# hSync: Oscillatory based Clustering Algorithm

This technical note is a continuation of the previous ‘Sync: Oscillatory based Clustering Algorithm‘. Hierarchical Sync algorithm ‘hSync’ for cluster analysis will be considered as a one of the representatives of algorithms based on oscillatory networks that use Kuramoto model for synchronization.

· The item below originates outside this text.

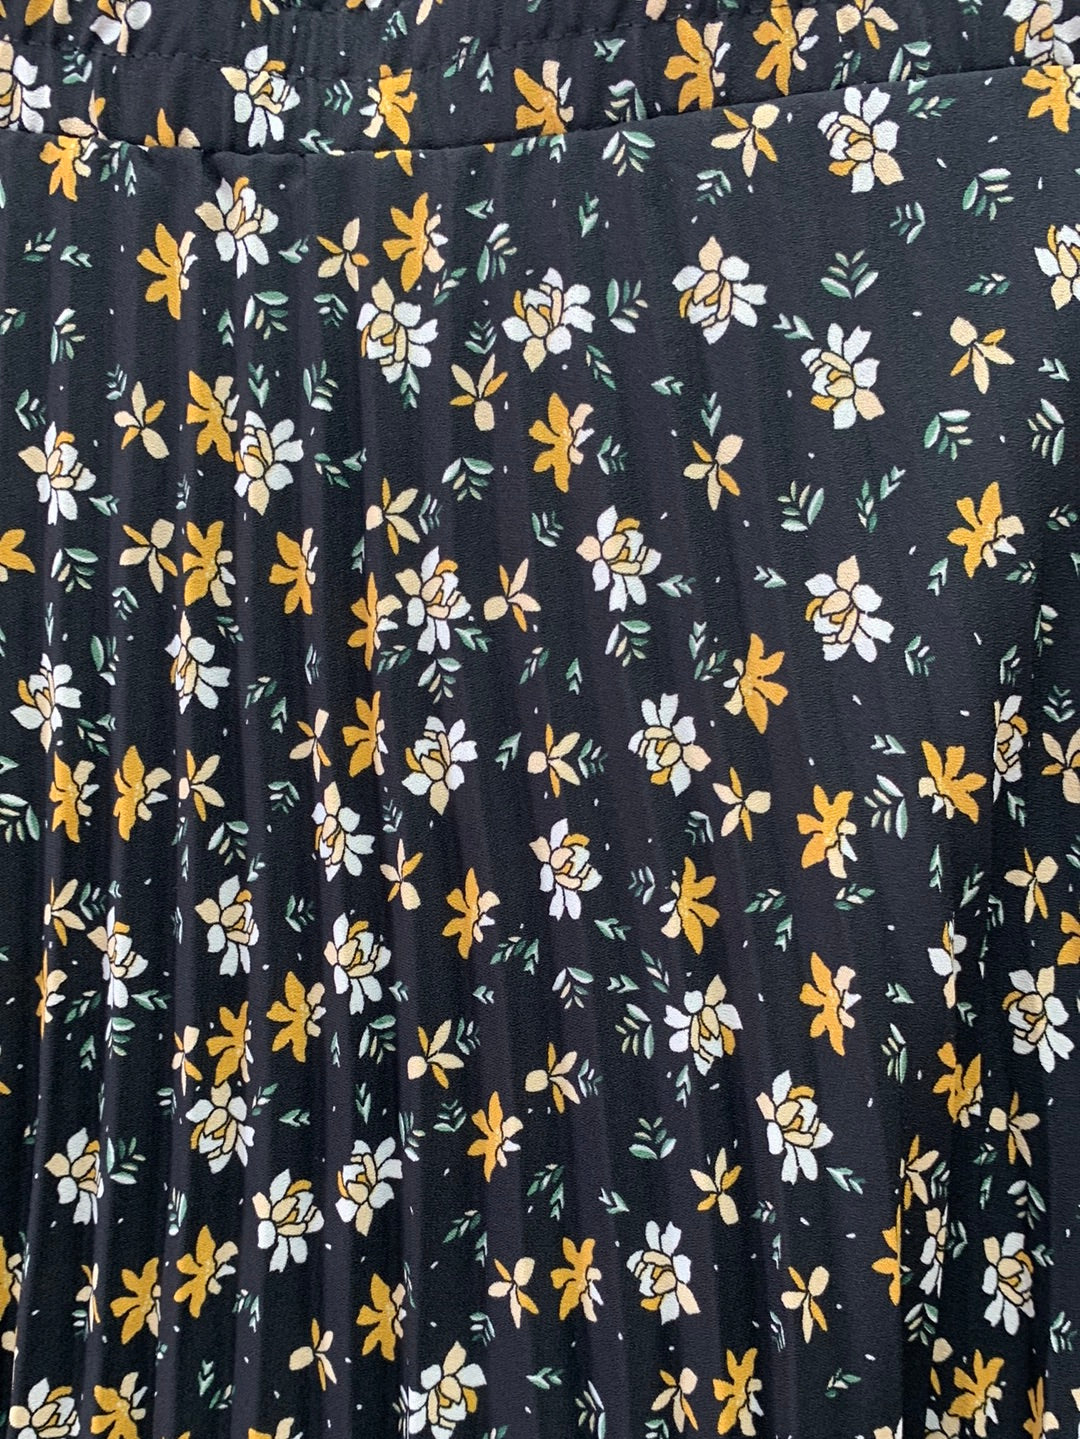 NWT - MAX STUDIO black floral Pleated Lined Midi Skirt - Medium

As it was mentioned in the previous note, sometimes output dynamic of the Sync algorithm can be analysed to extract required amount of clusters. It can be useful when connectivity radius is greater than real because in this case global synchronization will be observed in the oscillatory network and it means that only one cluster is encoded. But keyword here is ‘sometimes’, it does not mean that we can set bigger radius for every data to reach global synchronization and then analyse it, so the question is why? Output dynamic of Sync algorithm can be analysed only when oscillatory network consists of local highly coupled sub-networks that have a few links to each other as it presented on figure 1.

Global synchronization will be reached for the oscillatory network with such structure (because there no any sub-networks that are not connected to each other) and it will be possible to analyse output dynamic due to small number of connections between these sub-networks – figure 2. At the beggining synchronization will be reached in sub-networks (two groups of oscillators that are marked as [1], [2]) and after time these two ensembles will be synchronized with each other.

But in other cases it is hard or even impossible to extract required amount of clusters. An idea to process network dynamic has been successfully implemented in hSync algorithm.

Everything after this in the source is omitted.